🚩 Basic usage¶
Welcome to redflag
. It’s still early days for this library, but there are a few things you can do:
Outlier detection
Clipping detection
Imbalance metrics (for labels and any other categorical variables)
Distribution shape
Identical distribution assumption
Independence assumption
Feature importance metrics
import redflag as rf
rf.__version__
'0.5.0'
Load some data¶
import pandas as pd
df = pd.read_csv('https://raw.githubusercontent.com/scienxlab/datasets/main/kgs/panoma-training-data.csv')
# Look at the transposed summary: each column in the DataFrame is a row here.
df.describe().T
count | mean | std | min | 25% | 50% | 75% | max | |
---|---|---|---|---|---|---|---|---|
Depth | 3966.0 | 882.674555 | 40.150056 | 784.402800 | 858.012000 | 888.339600 | 913.028400 | 963.320400 |
RelPos | 3966.0 | 0.524999 | 0.286375 | 0.010000 | 0.282000 | 0.531000 | 0.773000 | 1.000000 |
Marine | 3966.0 | 1.325013 | 0.589539 | 0.000000 | 1.000000 | 1.000000 | 2.000000 | 2.000000 |
GR | 3966.0 | 64.367899 | 28.414603 | 12.036000 | 45.311250 | 64.840000 | 78.809750 | 200.000000 |
ILD | 3966.0 | 5.240308 | 3.190416 | 0.340408 | 3.169567 | 4.305266 | 6.664234 | 32.136605 |
DeltaPHI | 3966.0 | 3.469088 | 4.922310 | -21.832000 | 1.000000 | 3.292500 | 6.124750 | 18.600000 |
PHIND | 3966.0 | 13.008807 | 6.936391 | 0.550000 | 8.196250 | 11.781500 | 16.050000 | 52.369000 |
PE | 3966.0 | 3.686427 | 0.815113 | 0.200000 | 3.123000 | 3.514500 | 4.241750 | 8.094000 |
Facies | 3966.0 | 4.471004 | 2.406180 | 1.000000 | 2.000000 | 4.000000 | 6.000000 | 9.000000 |
LATITUDE | 3966.0 | 37.632575 | 0.299398 | 37.180732 | 37.356426 | 37.500380 | 37.910583 | 38.063373 |
LONGITUDE | 3966.0 | -101.294895 | 0.230454 | -101.646452 | -101.389189 | -101.325130 | -101.106045 | -100.987305 |
ILD_log10 | 3966.0 | 0.648860 | 0.251542 | -0.468000 | 0.501000 | 0.634000 | 0.823750 | 1.507000 |
RHOB | 3966.0 | 2288.861692 | 218.038459 | 1500.000000 | 2201.007475 | 2342.202051 | 2434.166399 | 2802.871147 |
Categorical or continuous?¶
It’s fairly easy to tell if a column is numeric or not, but harder to decide if it’s continuous or categorical.

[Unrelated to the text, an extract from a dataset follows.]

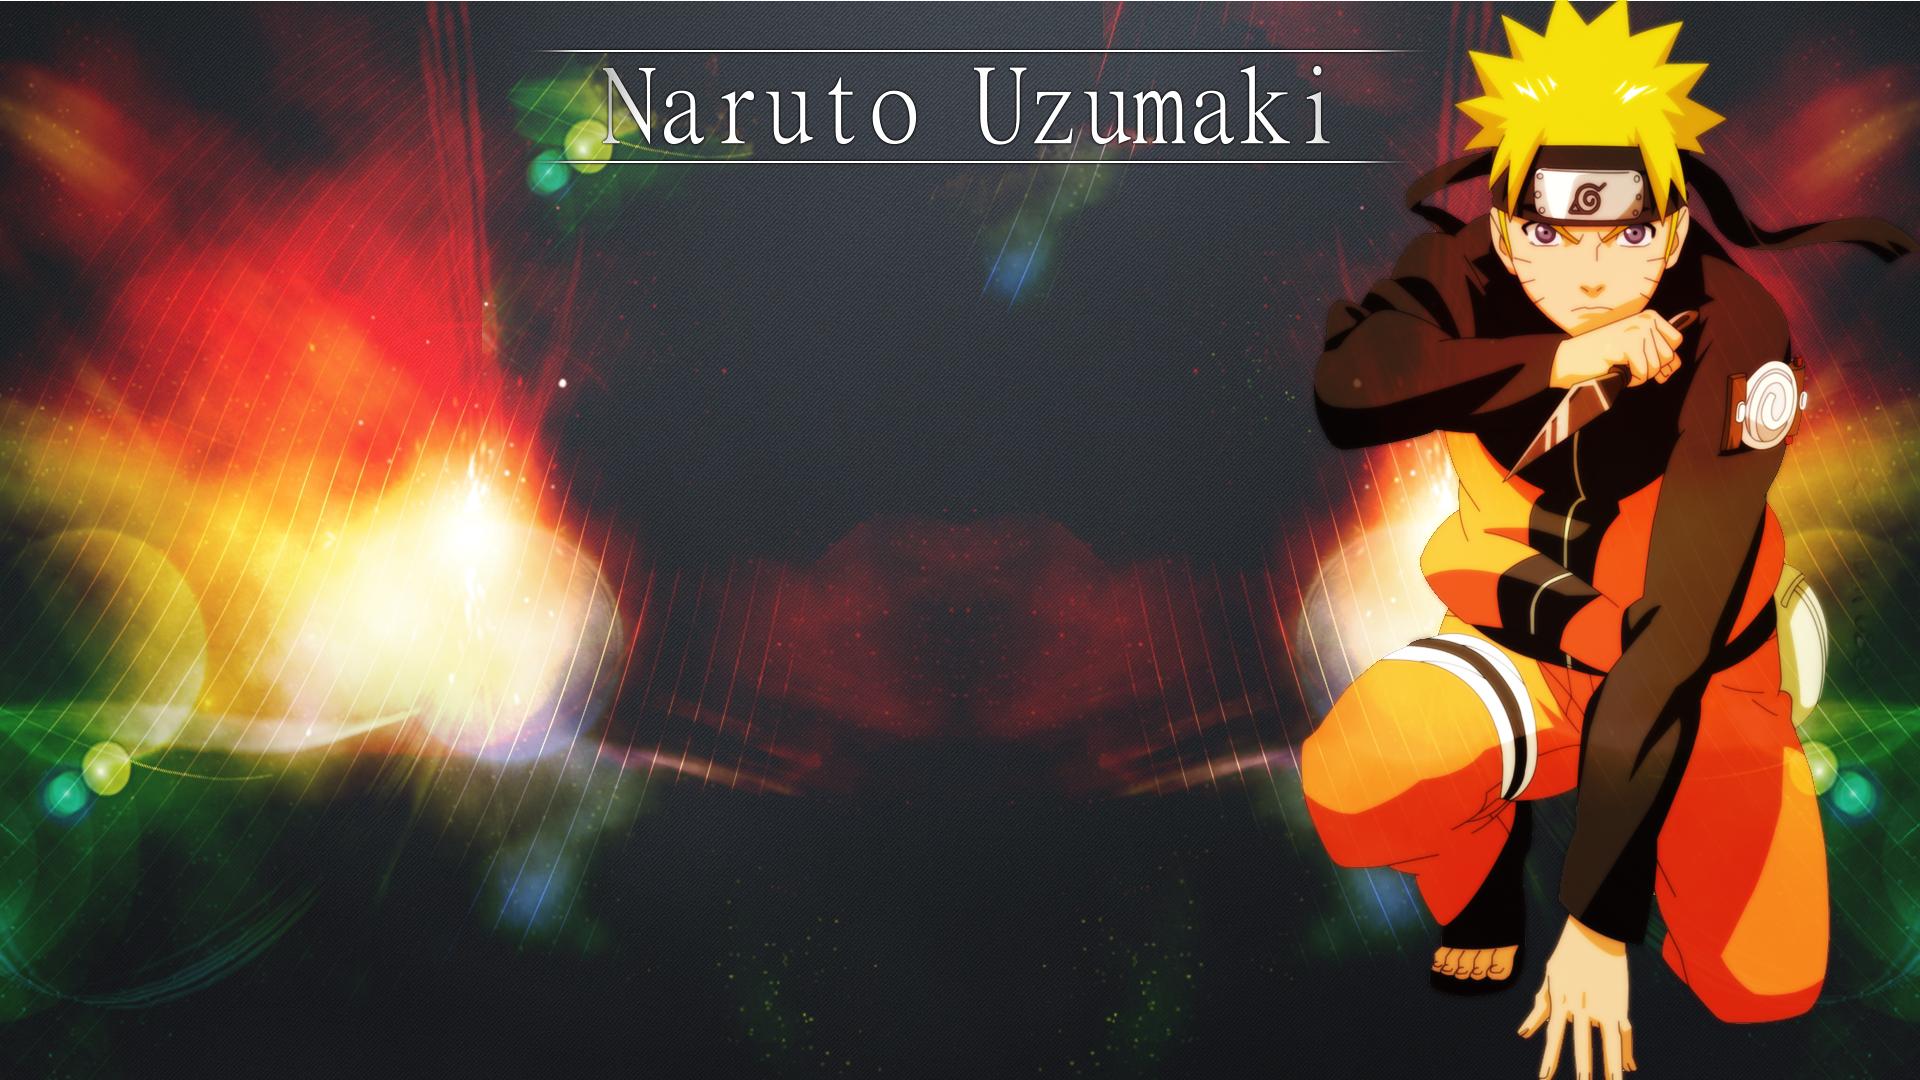 Popular Wallpaper Naruto Deviantart - naruto_uzumaki_1920x1080_wallpaper_by_xsorakurosaki-d6j7z8z  HD_808097.png

We can use is_continuous()
to check if a feature (or the target) is continuous. It uses heuristics and is definitely not foolproof. redflag
uses it internally sometimes to decide how to treat a feature or target.
for col in df.columns:
print(f"{col:>20s} ... {rf.is_continuous(df[col])}")
Well Name ... False
Depth ... True
Formation ... False
RelPos ... True
Marine ... False
GR ... True
ILD ... True
DeltaPHI ... True
PHIND ... True
PE ... True
Facies ... False
LATITUDE ... True
LONGITUDE ... False
ILD_log10 ... True
Lithology ... False
RHOB ... True
Mineralogy ... False
Siliciclastic ... False
These are all correct.
Imbalance metrics¶
First, we’ll look at measuring imbalance in the target using rf.class_imbalance()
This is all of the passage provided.